Psaki defiende no exigir vacunación ni pruebas COVID negativas a inmigrantes que entran a EE. UU.

Por Isabel van Brugen
21 de septiembre de 2021 9:11 AM Actualizado: 21 de septiembre de 2021 11:03 AM

La secretaria de prensa de la Casa Blanca, Jen Psaki, defendió este lunes la decisión del gobierno de Joe Biden de no exigir pruebas de detección de COVID-19 con resultados negativos ni comprobantes de vacunación a las personas que cruzan ilegalmente la frontera entre Estados Unidos y México.

En respuesta a la pregunta de un periodista sobre si los agentes de la Patrulla Fronteriza piden una prueba de vacunación contra el COVID-19 o resultados negativos de las pruebas «si alguien entra en el país, justo al otro lado del río», Psaki dijo que la inmigración ilegal no es comparable a los extranjeros que llegan en avión a Estados Unidos.

La pregunta fue motivada por el anuncio de la Casa Blanca el lunes de que todos los visitantes extranjeros deben estar vacunados y presentar una prueba de su vacunación antes de embarcar en un vuelo con destino a Estados Unidos. El coordinador de COVID-19 de la Casa Blanca, Jeff Zients, dijo en una conferencia de prensa que las personas también deben mostrar un resultado negativo en la prueba de COVID-19 al menos 72 horas antes de volar.

«A medida que los individuos llegan a la frontera, se les evalúa para ver si tienen algún síntoma. Si tienen síntomas, la intención es que deben quedar en cuarentena», dijo Psaki, refiriéndose a los individuos que entran ilegalmente por la frontera sur. «Ese es nuestro proceso».

Según Psaki, ambas situaciones no son comparables.

«Ellos no tienen la intención de quedarse aquí durante un período de tiempo prolongado. No creo que sea lo mismo», añadió.

El presidente Joe Biden está presidiendo la que podría llegar a ser la peor crisis fronteriza de la historia de Estados Unidos en cuanto al número de inmigrantes ilegales con los que se encuentran los agentes y funcionarios estadounidenses.

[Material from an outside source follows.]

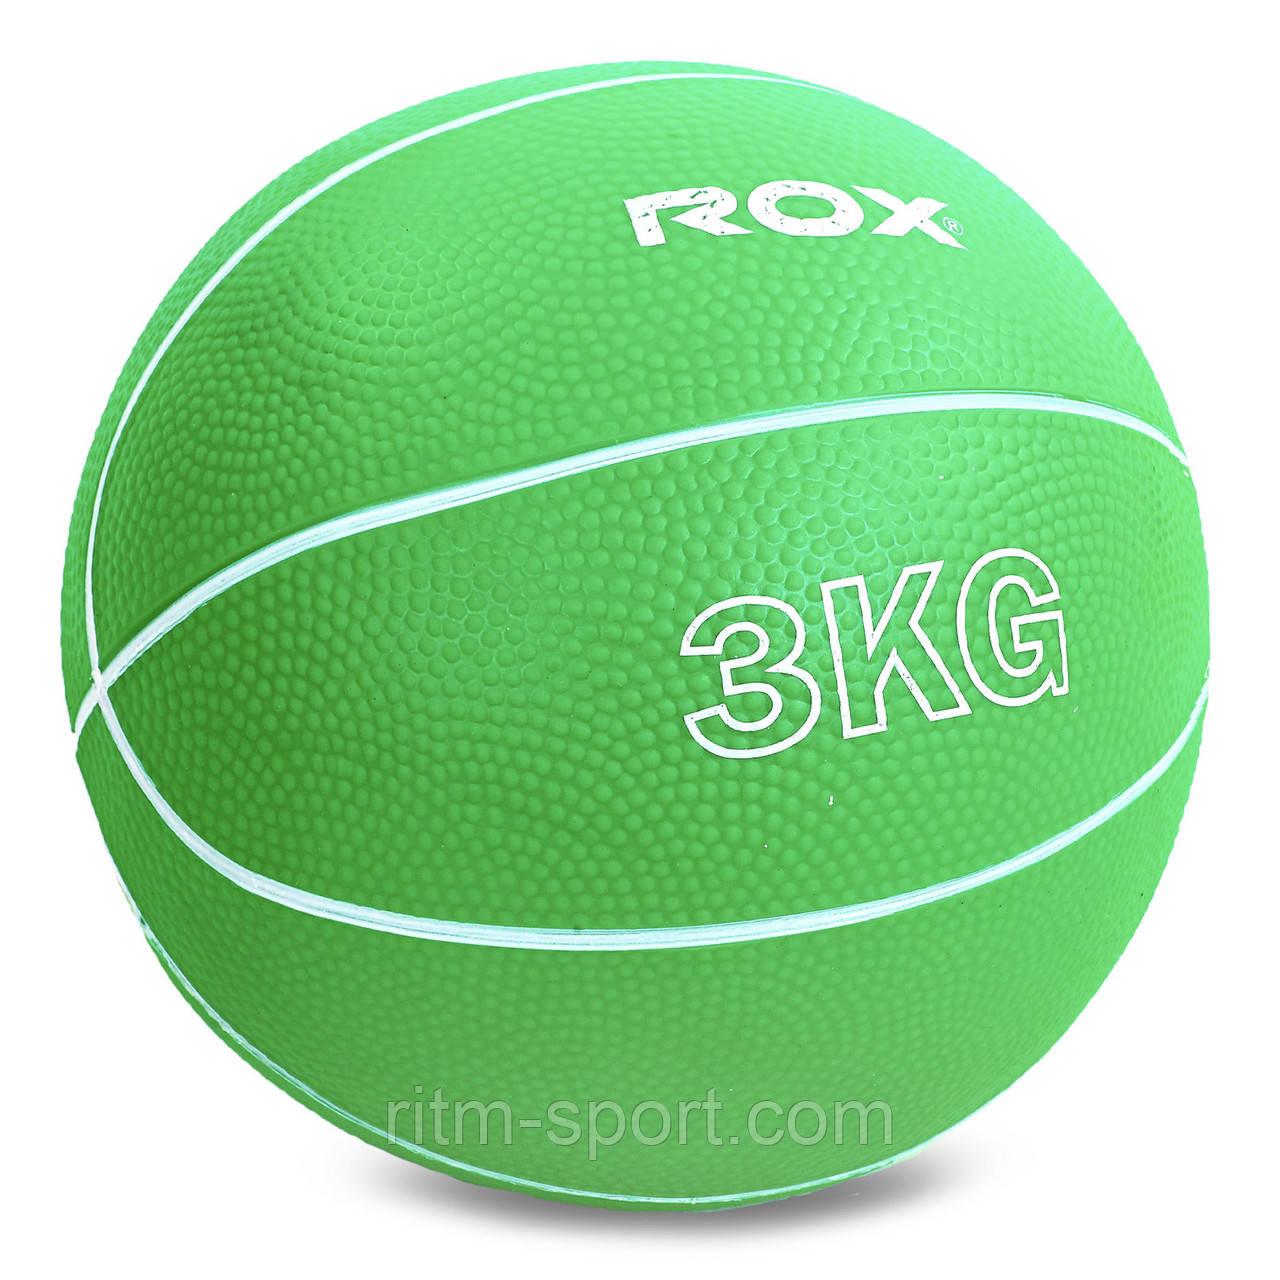 М'яч медичний ( медбол) 3 кг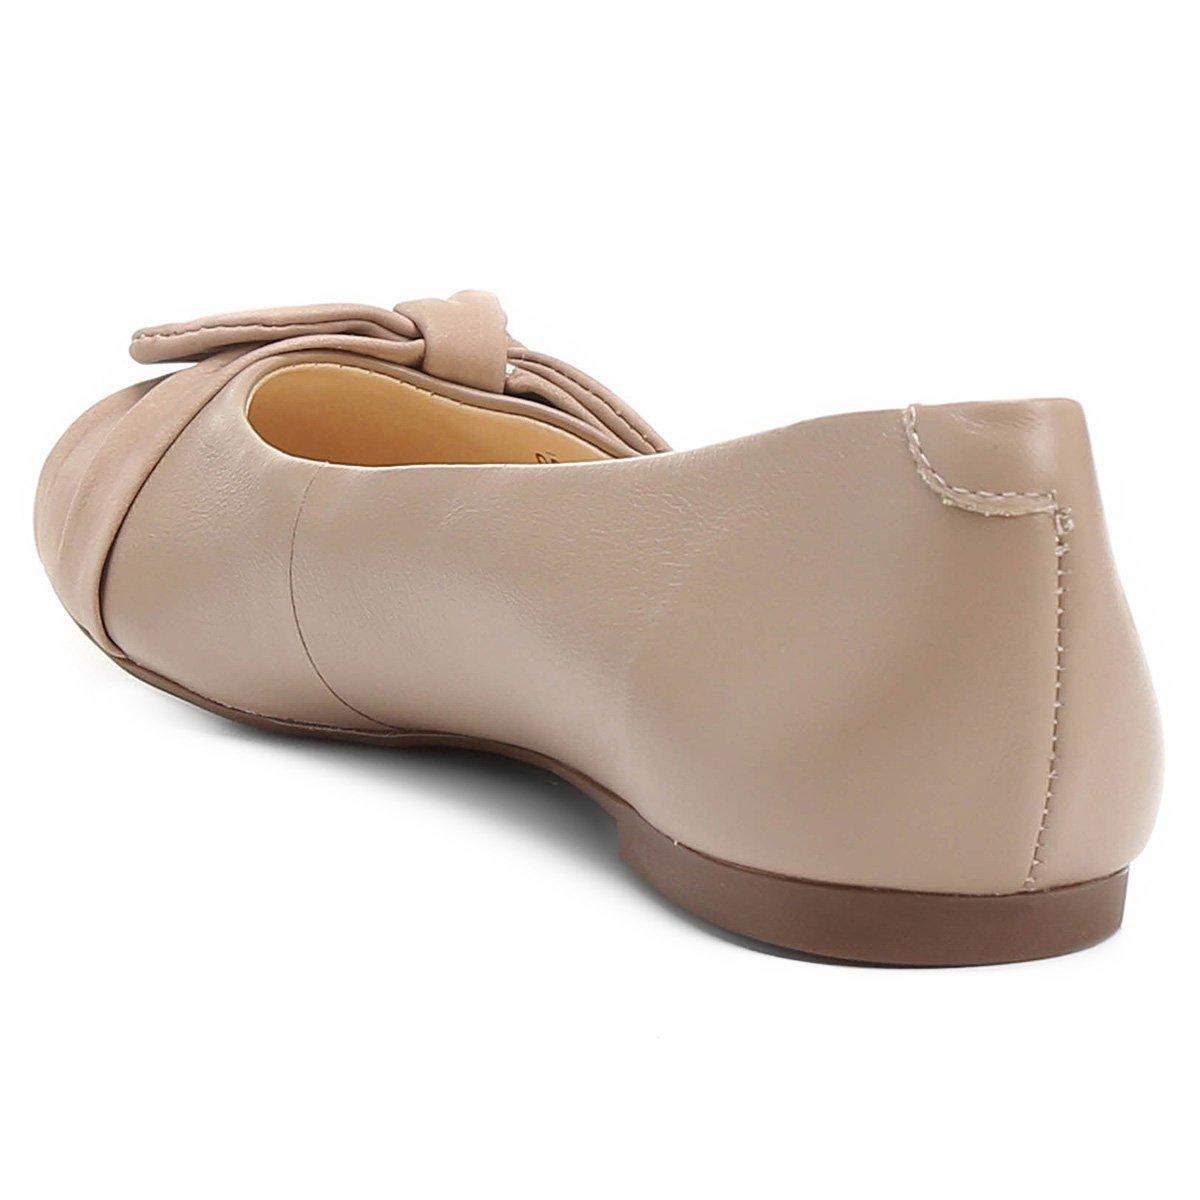 Laço Feminina Sapatilha Couro Nude Shoestock Shoestock Couro Laço Sapatilha nvAY11W

La cifra superó los 200,000 contactos tanto en julio como en agosto.

Los condados situados a lo largo de la frontera sur han detectado en los inmigrantes ilegales tasas de positividad al virus que causa el COVID-19 de hasta el 40 por ciento, lo que suscita la preocupación de que las autoridades federales los envíen a comunidades de todo Estados Unidos mientras siguen siendo potencialmente positivos al coronavirus.

La ciudad de Laredo, Texas, demandó recientemente al gobierno federal para bloquear el transporte y la liberación de inmigrantes ilegales en la ciudad después que las ONG locales se vieran desbordadas por el volumen de inmigrantes ilegales no sometidos a las pruebas. La ciudad retiró posteriormente la demanda tras llegar a un acuerdo con las autoridades federales.

El gobernador de Texas, Greg Abbott, se enzarzó en un intercambio de opiniones con el fiscal general Merrick Garland tras emitir una orden ejecutiva que restringía el transporte de extranjeros ilegales a Texas debido al COVID-19. La orden de Abbott fue bloqueada por un juez federal.

«Estamos expulsando a individuos basándonos en el Título 42 específicamente por el COVID porque queremos prevenir un escenario en el que se reúnan grandes cantidades de personas que supongan una amenaza para la comunidad y también para los propios inmigrantes», dijo Psaki.

Los comentarios de la secretaria de prensa de la Casa Blanca surgieron después de que en los últimos días más de 10,000 inmigrantes ilegales, en su mayoría provenientes de Haití, se reunieran en Del Río, en la frontera de Texas, cerca de 60 millas al noroeste de Piedras Negras y Eagle Pass.

Las autoridades fronterizas estadounidenses retiraron hasta ahora a más de 6500 inmigrantes de la zona.